En s’interrogeant sur la destinée du film et de la fonction de ses images, l’historienne invente ainsi la notion de « lieu de mémoire portatif » (p. 201). De la France au Japon, en passant par les États-Unis, Israël ou les démocraties populaires à l’Est, le film circule, mais se voit également censuré, remonté, accompagné de nouveaux commentaires ou d’une nouvelle musique. Sélectionné aux festivals de Cannes en juin 1956 puis de Berlin-Ouest quelques mois plus tard, Nuit et Brouillard y est cependant officiellement censuré et doit être montré dans le cadre de projections spéciales hors sélection. L’histoire est bien connue, même si on oublie souvent de préciser qu’à Cannes l’initiative vint sans doute autant des Français que de Bonn. Un des apports de l’étude de S. Lindeperg concerne la diffusion du film en RDA qui ne fit pas moins de deux versions de Nuit et brouillard, modifiant la musique et le commentaire, notamment la conclusion : « et il y a nous qui regardons sincèrement ces ruines […] et qui n’entendons pas qu’on crie sans fin ». Cette allusion aux tortures en Algérie fut critiquée par les dirigeants est-allemands qui voulurent y voir une critique possible des camps à l’Est. Devant le refus des producteurs et du réalisateur français de voir ainsi modifié le commentaire, la télévision est-allemande finit par diffuser en 1974 sans les prévenir une version expurgée et modifiée du film qui en ferme le propos, le repliant sur le passé : « Neuf millions de morts y errent. Leurs cris échapperont à l’oubli ».

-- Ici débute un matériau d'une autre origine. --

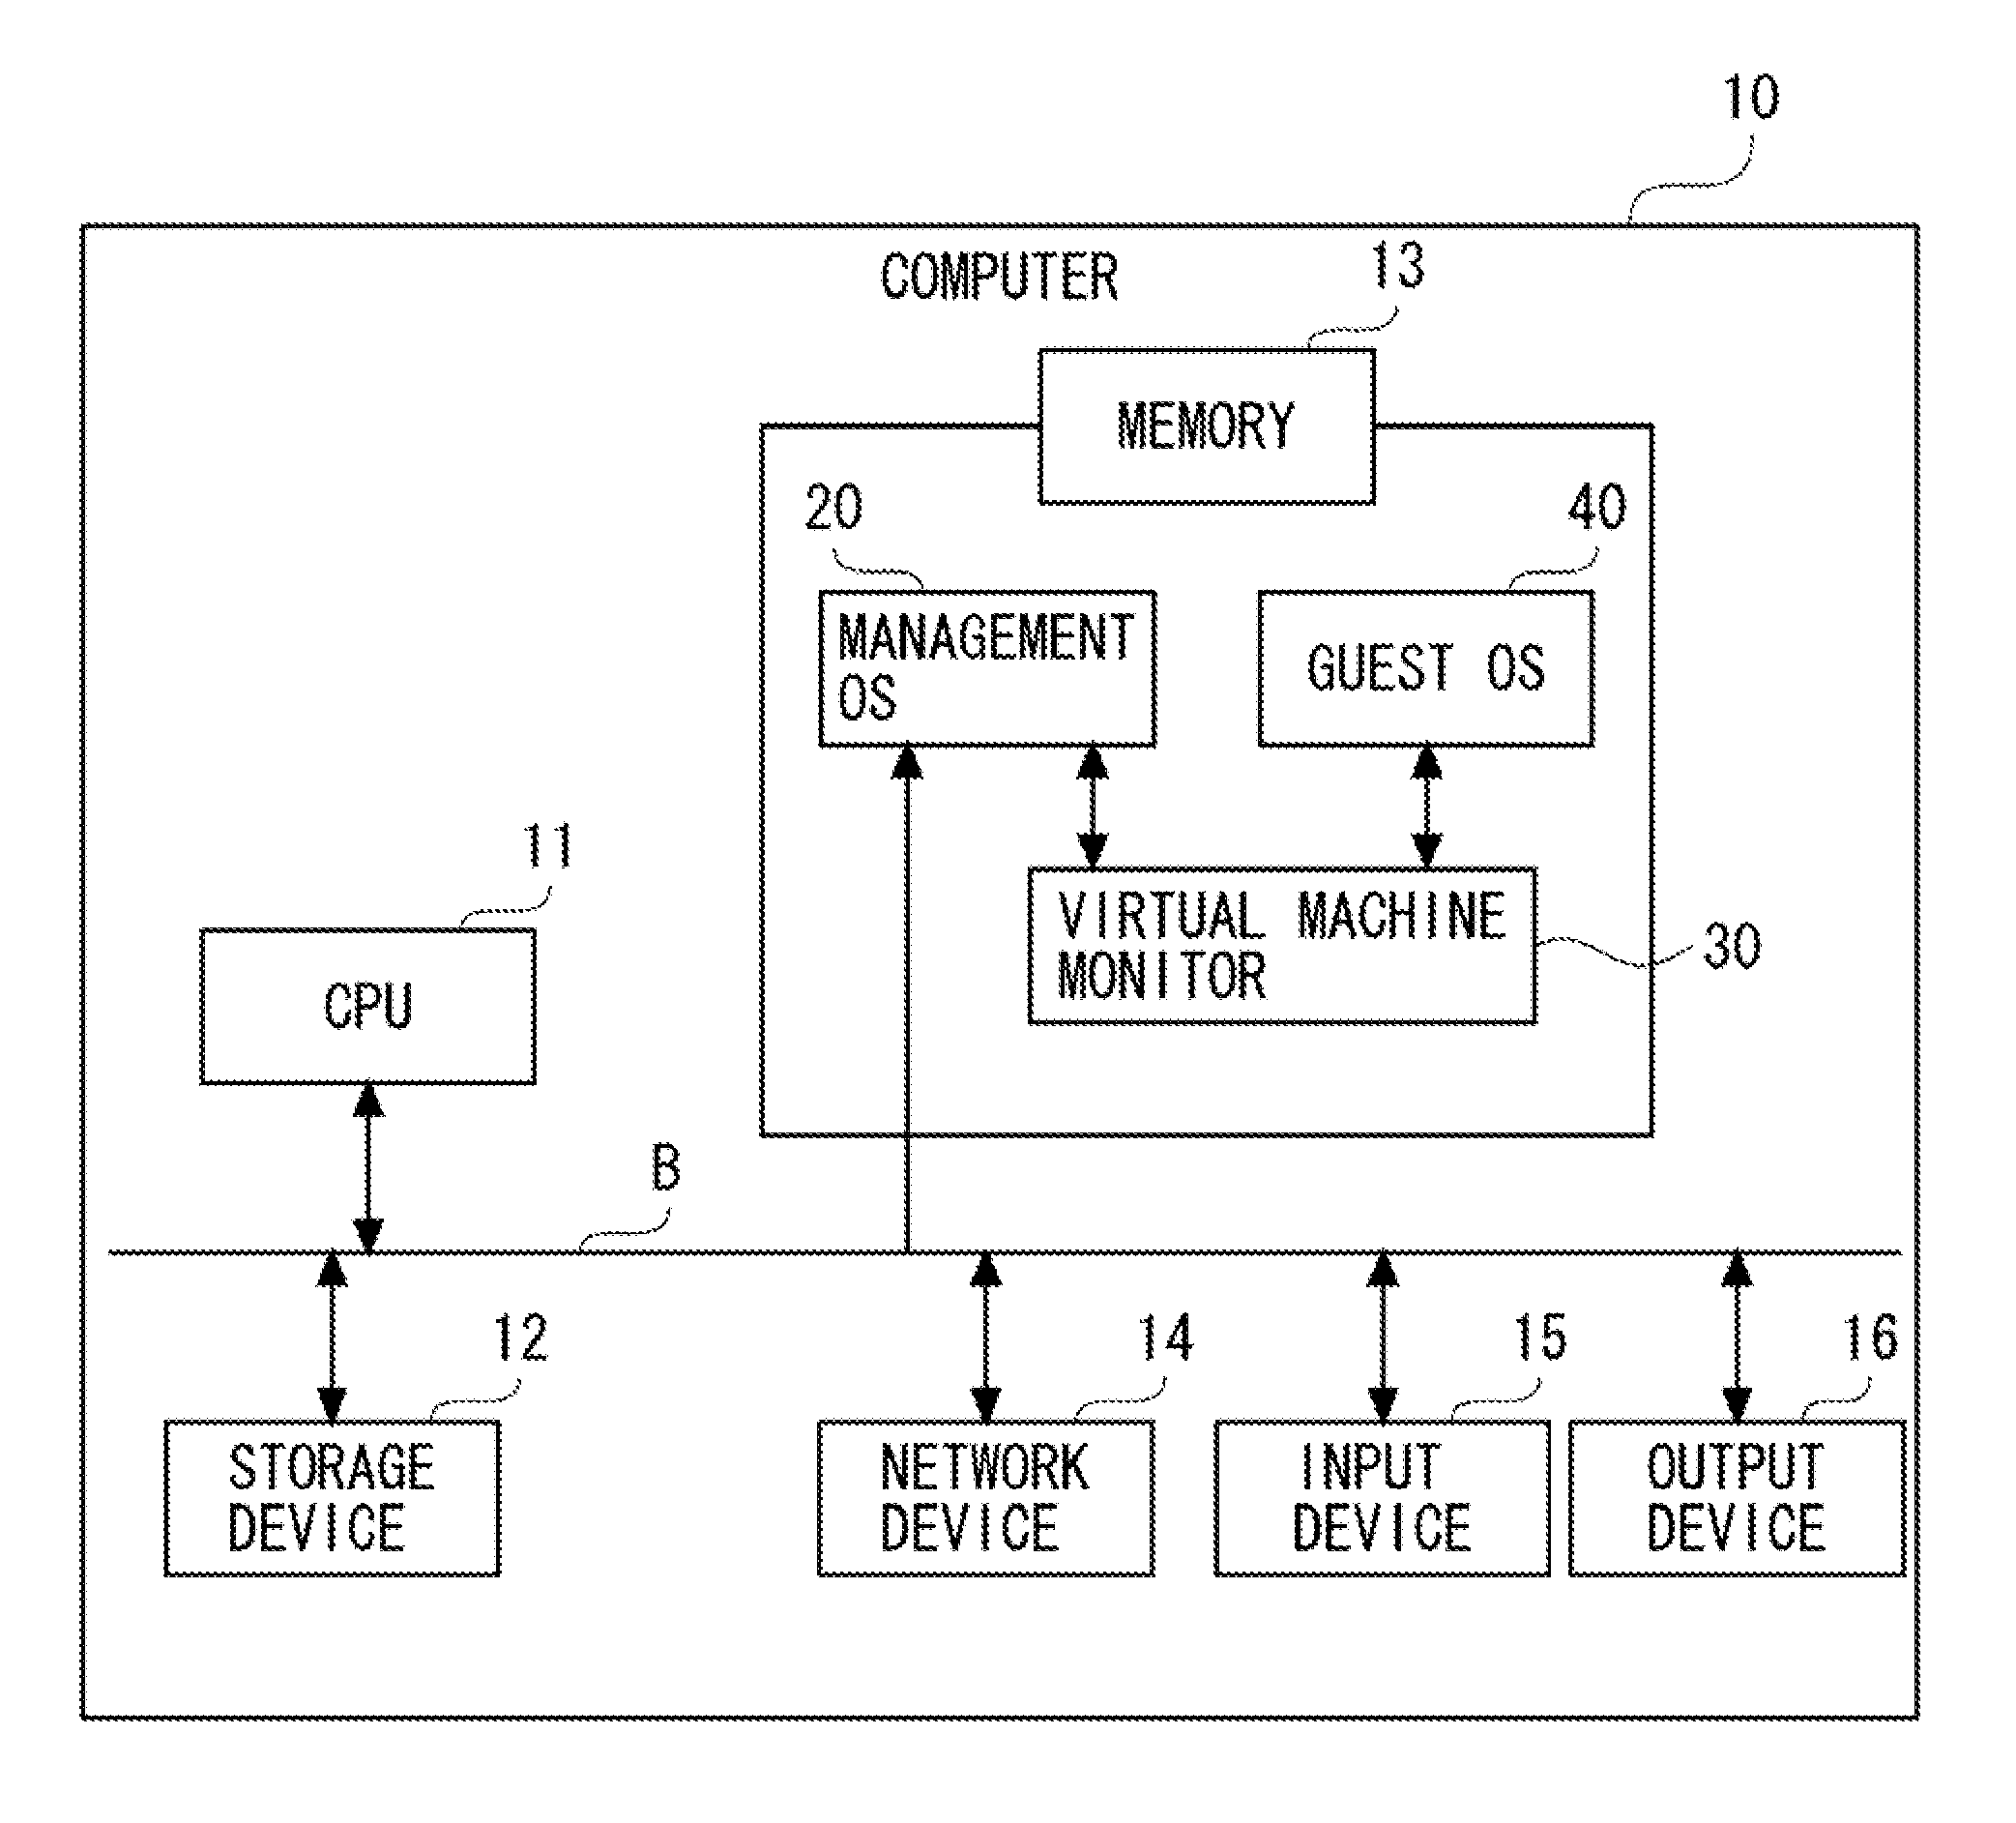 Disk access system switching device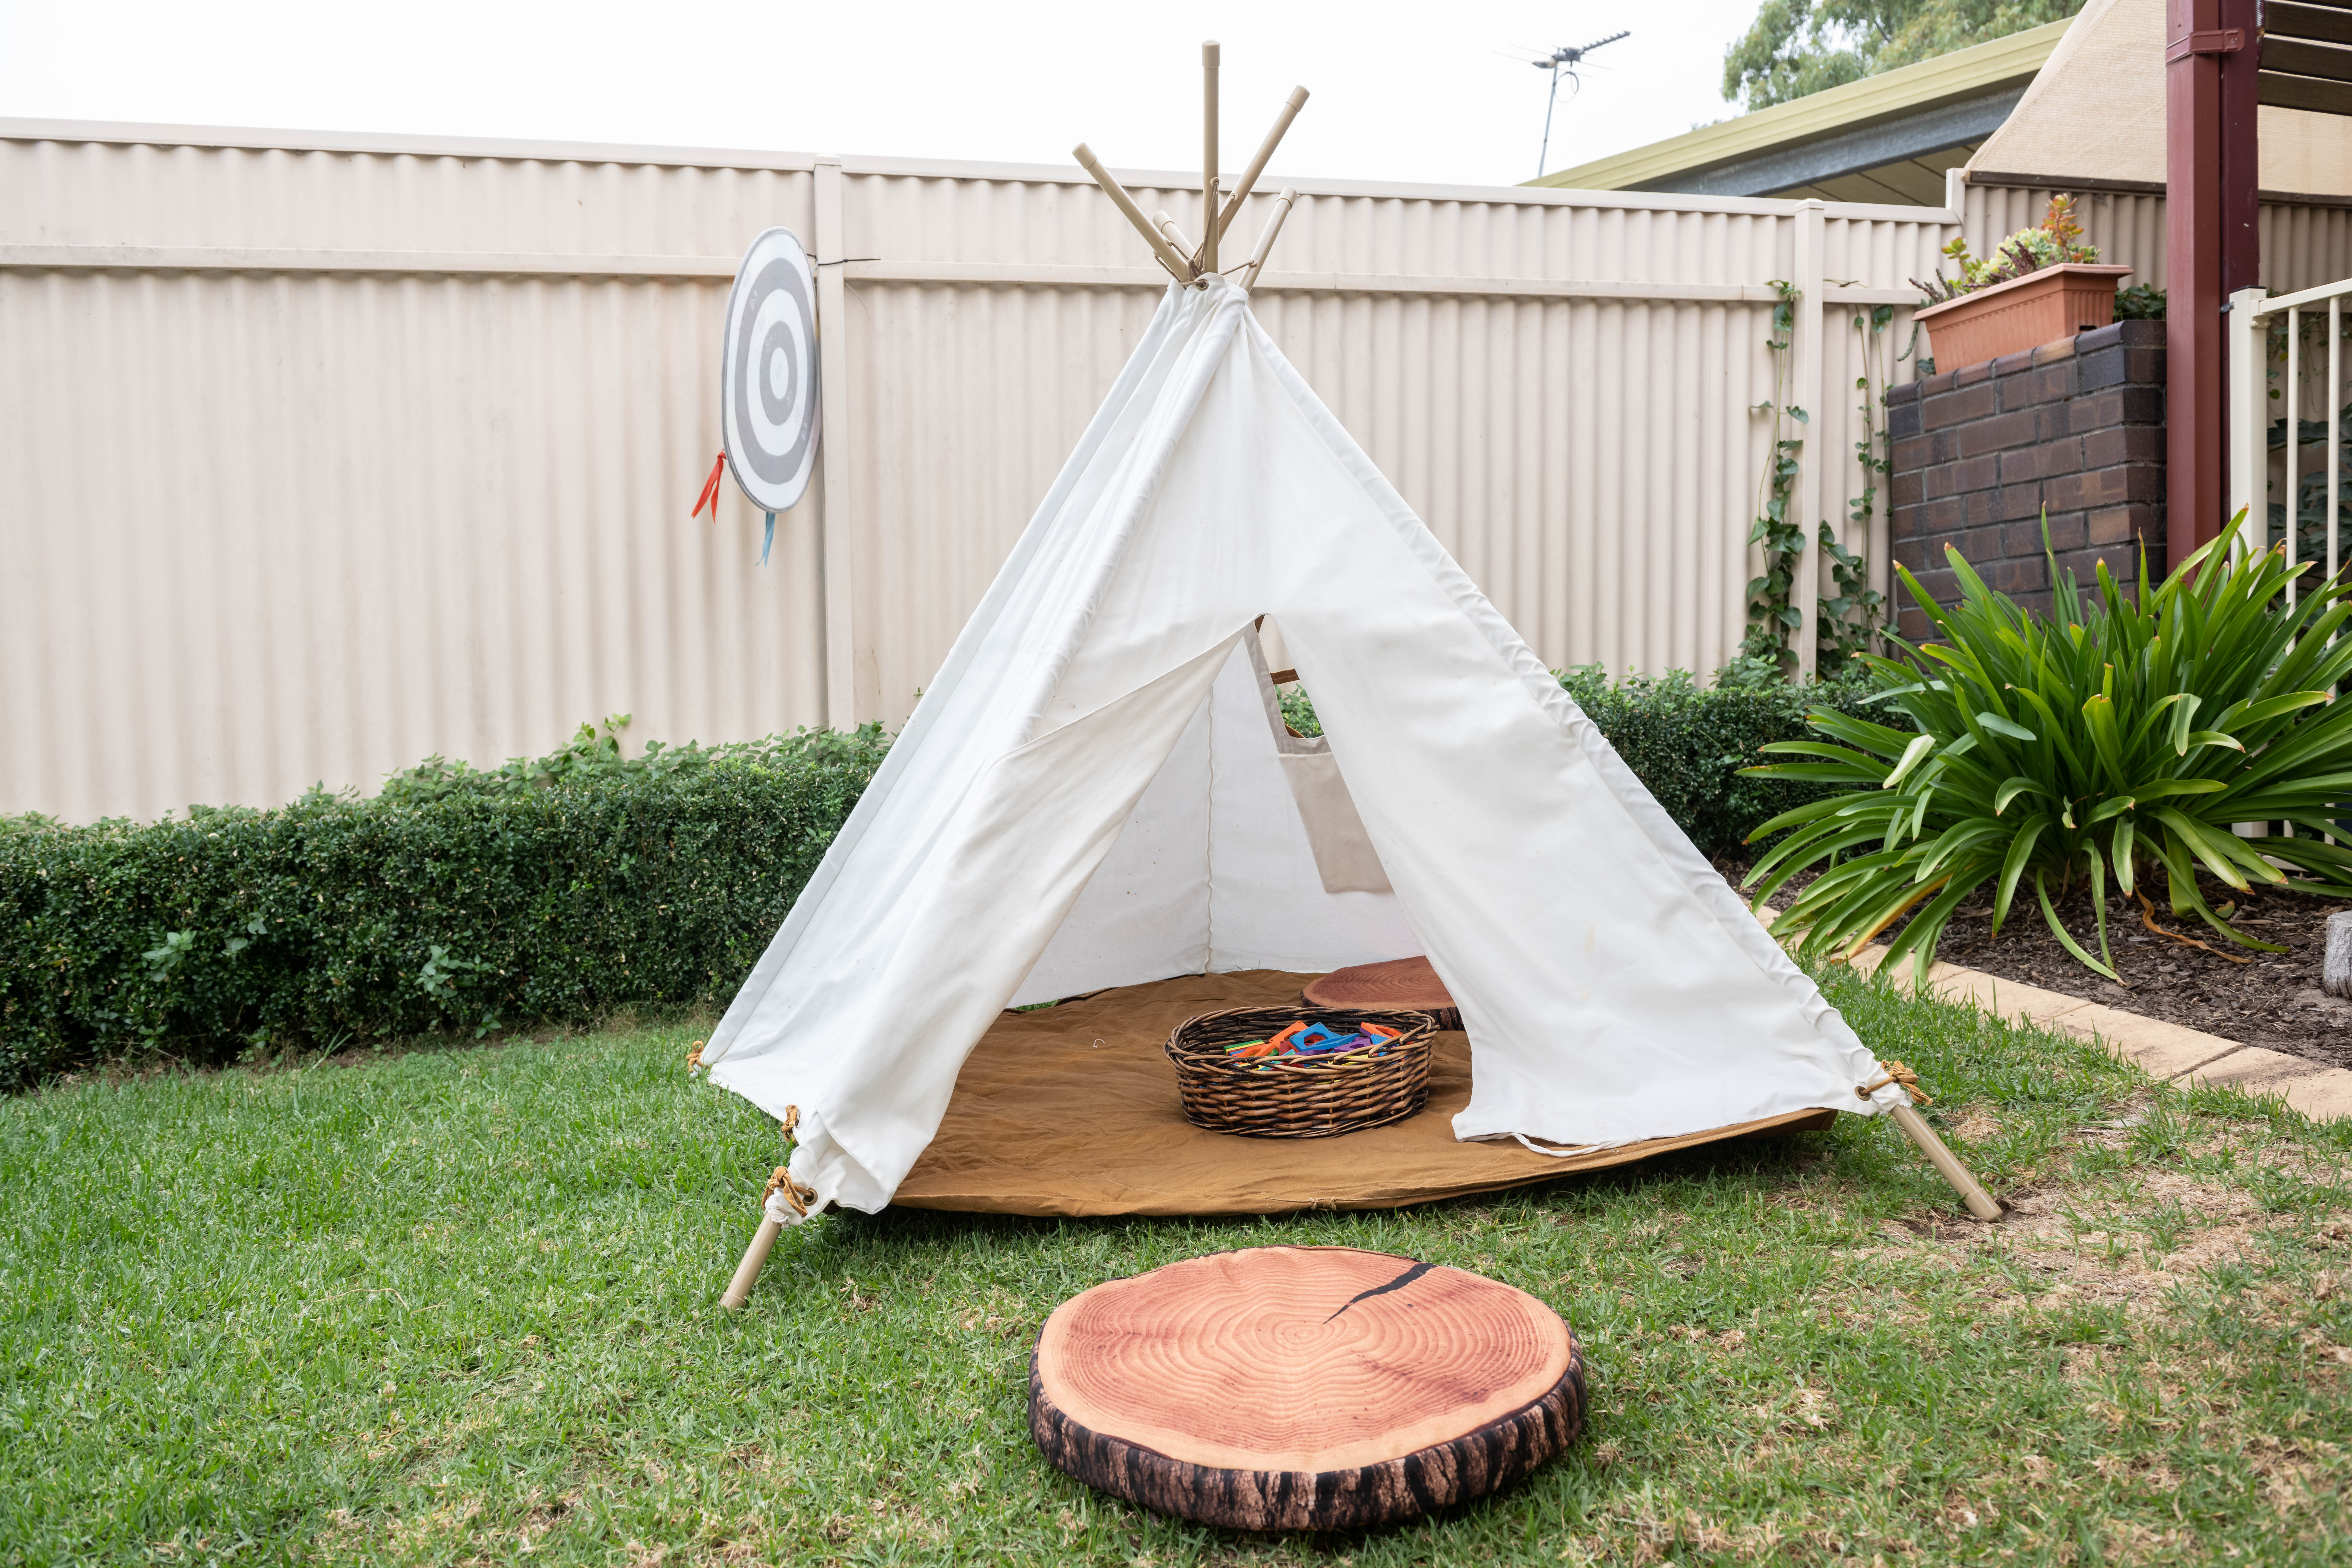 family day care setting – outside teepee play tent on grass

Sous l’effet de l’analyse de S. Lindeperg, Nuit et brouillard apparaît non plus comme simple « monument commémoratif », mais comme un « essai historique » qui se voulait dans le même temps « œuvre d’art exigeante » et profondément inscrit dans l’histoire européenne et internationale de ces dernières décennies, au cœur d’une circulation complexe d’images et de représentations. Dans tous ses balbutiements, ses inexactitudes, ses hésitations et ses glissements, le film d’Alain Resnais s’avère encore et toujours un document essentiel.

Caroline Moine
1 Les historiens se sont déjà intéressés au film d’Alain Resnais, pour ne citer que quelques-uns d’entre eux : H. Rousso, Le Syndrome de Vichy de 1944 à nos jours, Paris, Le Seuil, 1990 ; R. Raslin, Alain Resnais’s Nuit et Brouillard on the Making, Reception and Functions of a Major Documentary Film, including a new interview with Alain Resnais, Aarhus, Aarhus University Press, 1987 ; C. Delage, V. Guigueno, L’historien et le film, Paris, Gallimard, 2004, p. 59-78. Il faut noter également la grande qualité de l’édition DVD et du livret accompagnant le film édité par Arte vidéo et Argos films en 2003, reprenant les entretiens radiophoniques de l’émission diffusée sur France Culture le 6 août 1994.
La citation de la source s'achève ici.